● **PROBLEM DETAILS**: Give again, word for word, the lines below that run from the line with "Warhammer Age of" through the line with "Lienzo Dingemans Árboles". Drop the pictures.

● **INFORMATION**:
-------------------------
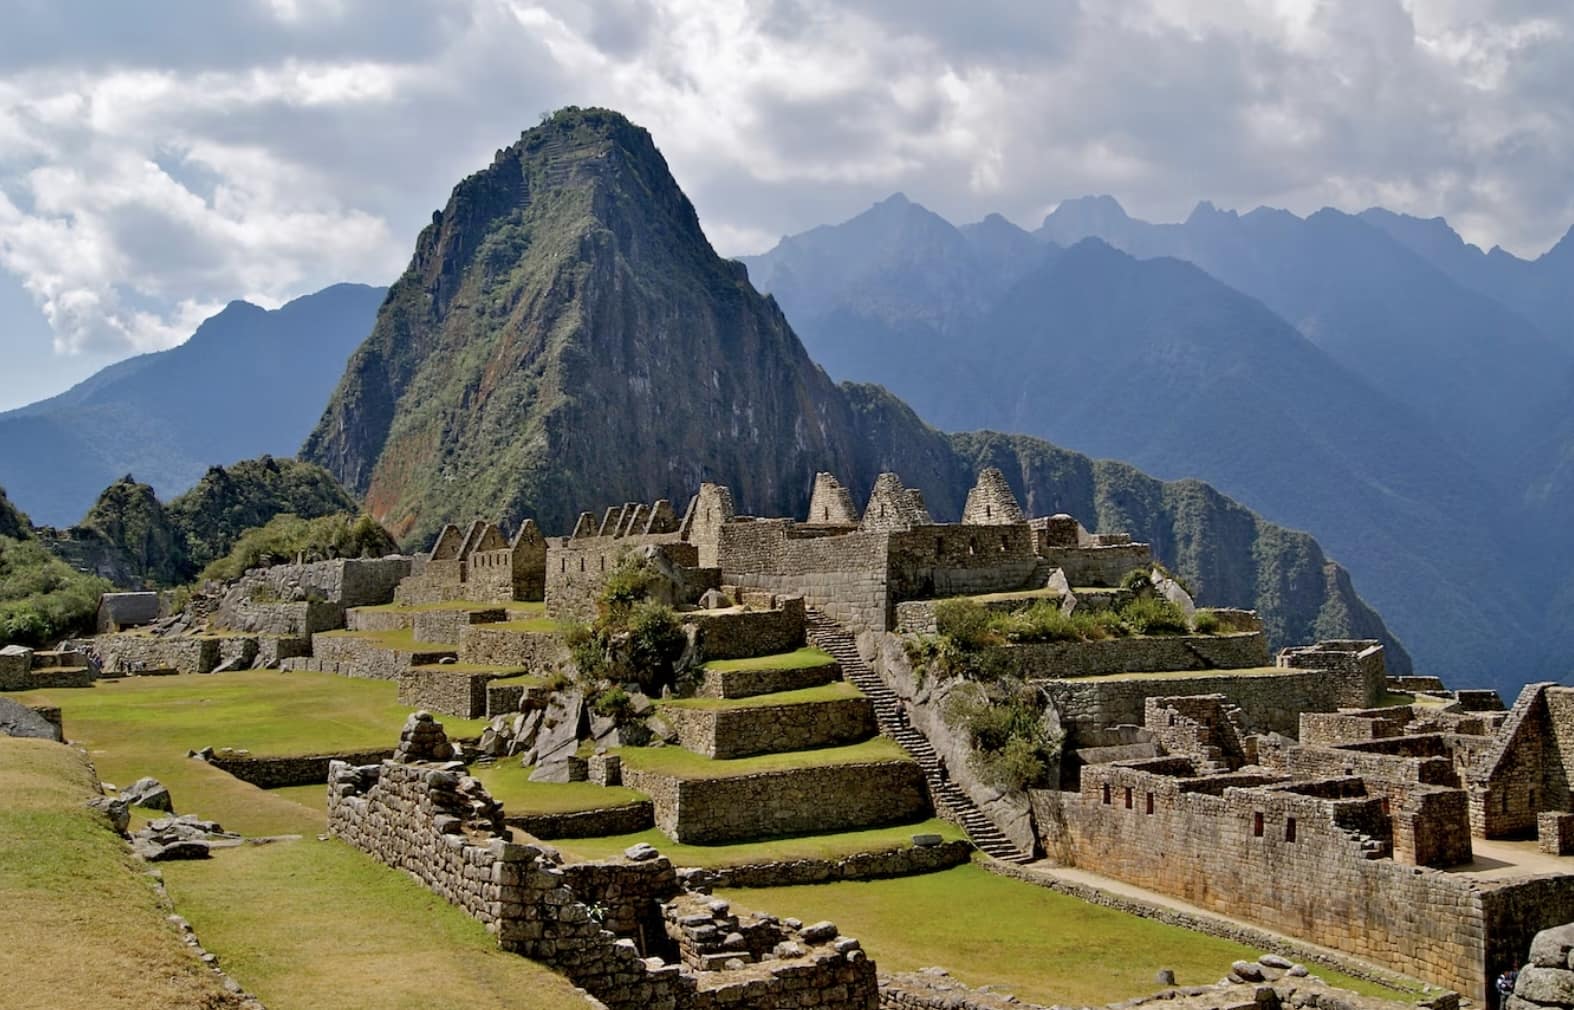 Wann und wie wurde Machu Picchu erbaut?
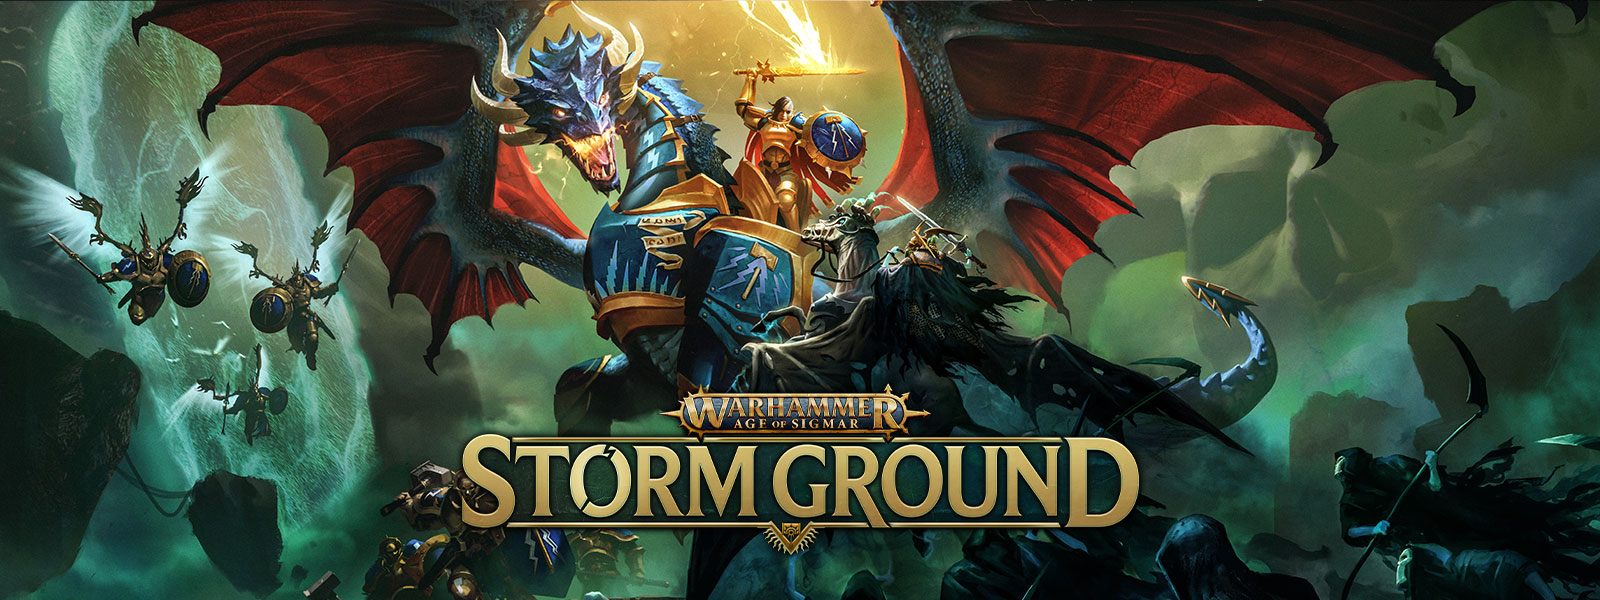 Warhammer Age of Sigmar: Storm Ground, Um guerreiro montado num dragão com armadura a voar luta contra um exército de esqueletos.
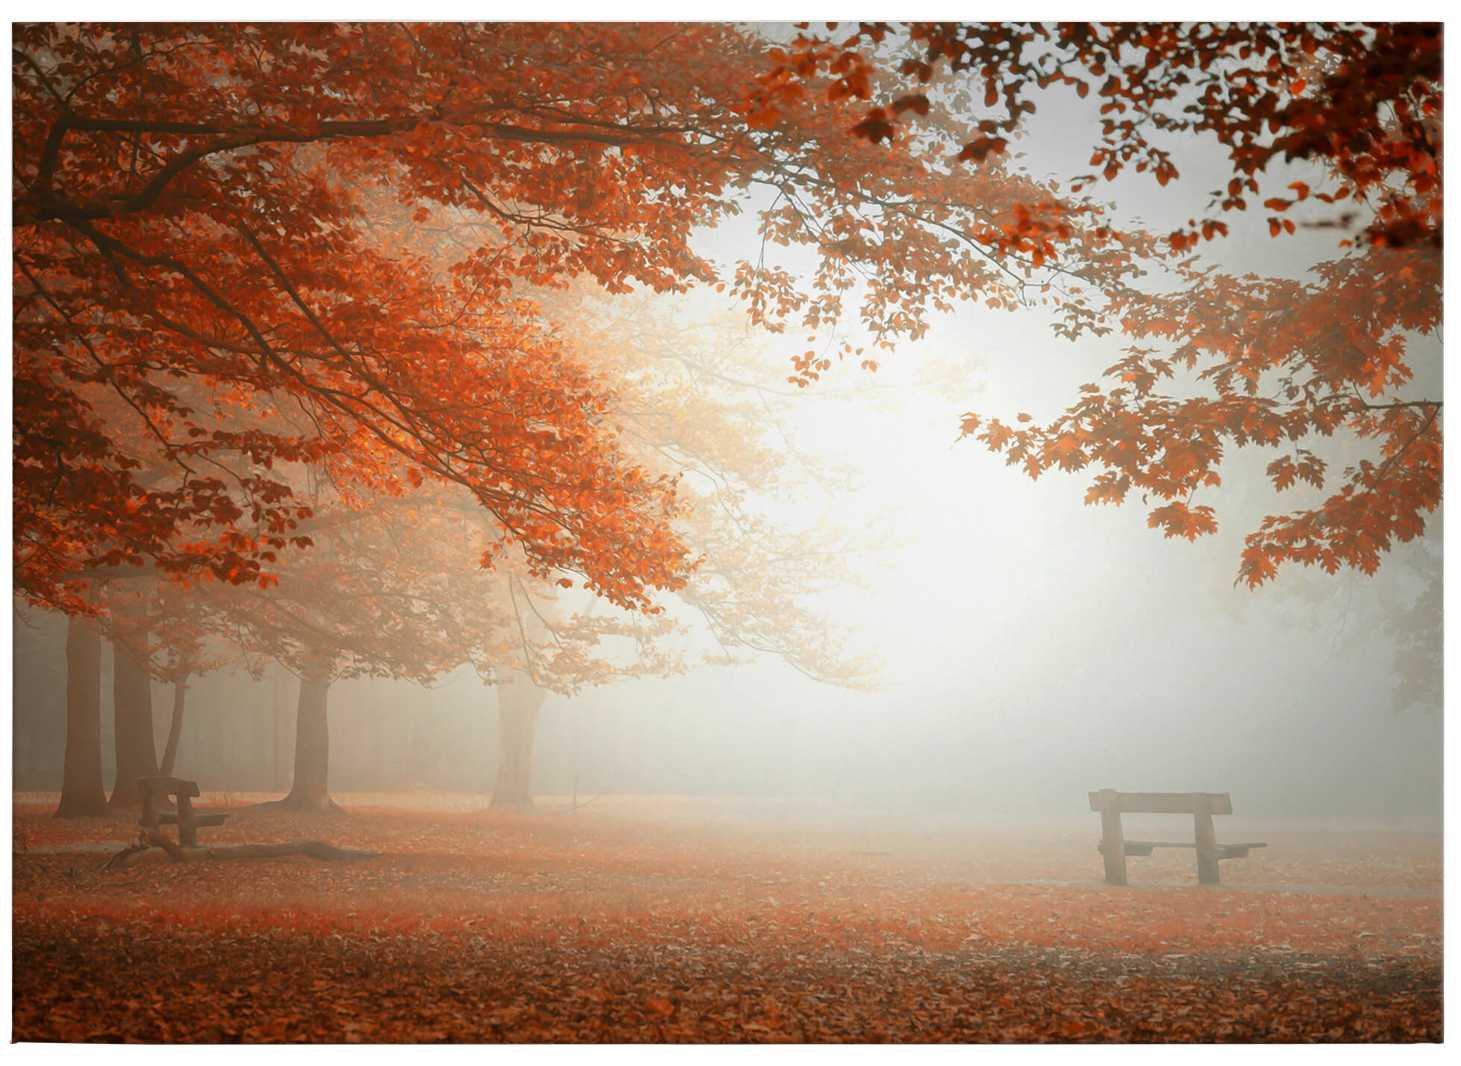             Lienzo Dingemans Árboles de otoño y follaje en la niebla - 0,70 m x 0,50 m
-------------------------
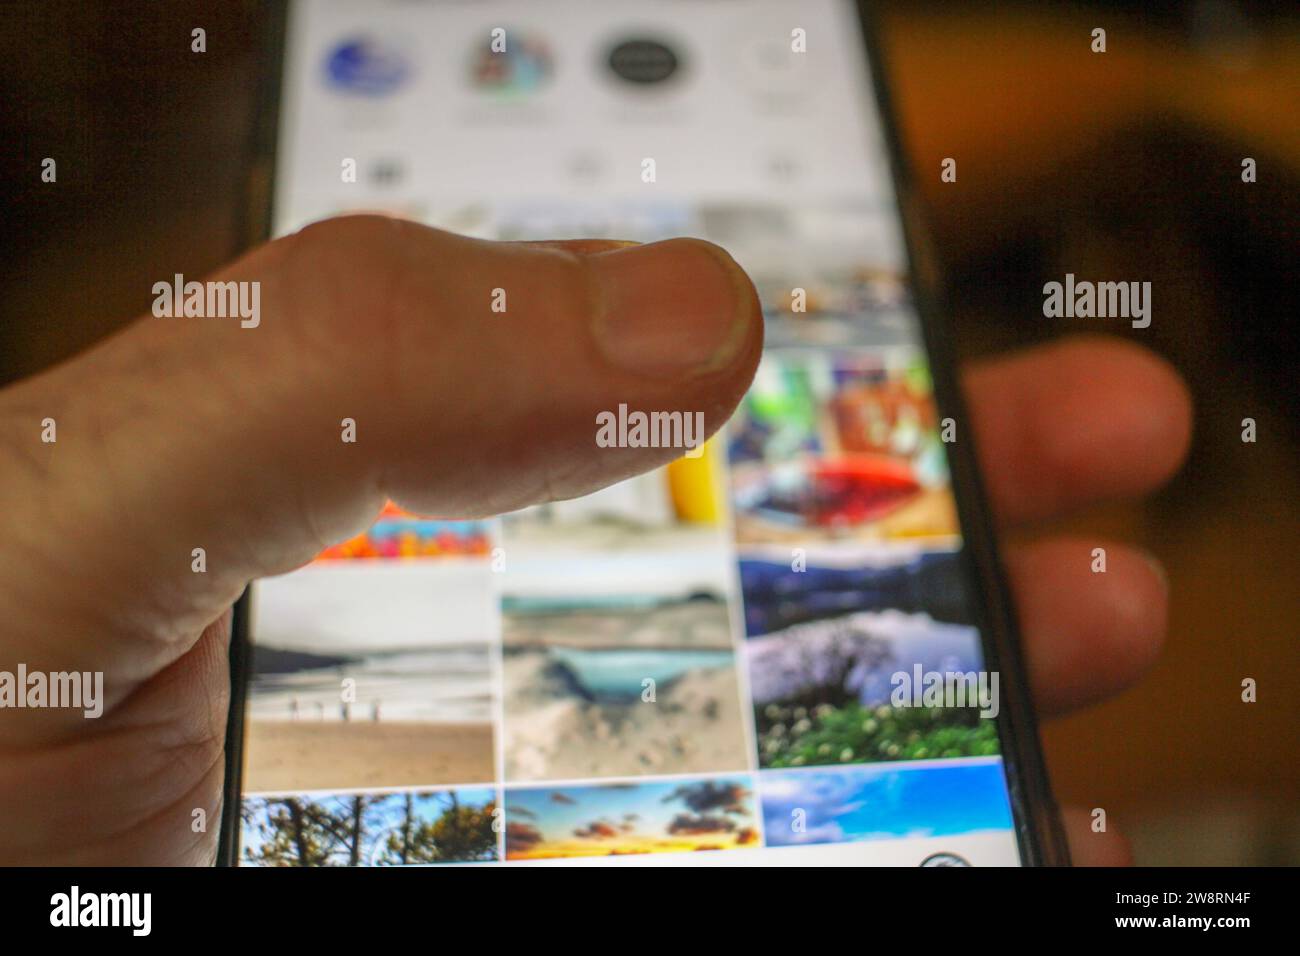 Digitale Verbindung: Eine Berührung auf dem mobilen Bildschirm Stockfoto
-------------------------
● **EXPECTED OUTPUT**:
 Warhammer Age of Sigmar: Storm Ground, Um guerreiro montado num dragão com armadura a voar luta contra um exército de esqueletos.
             Lienzo Dingemans Árboles de otoño y follaje en la niebla - 0,70 m x 0,50 m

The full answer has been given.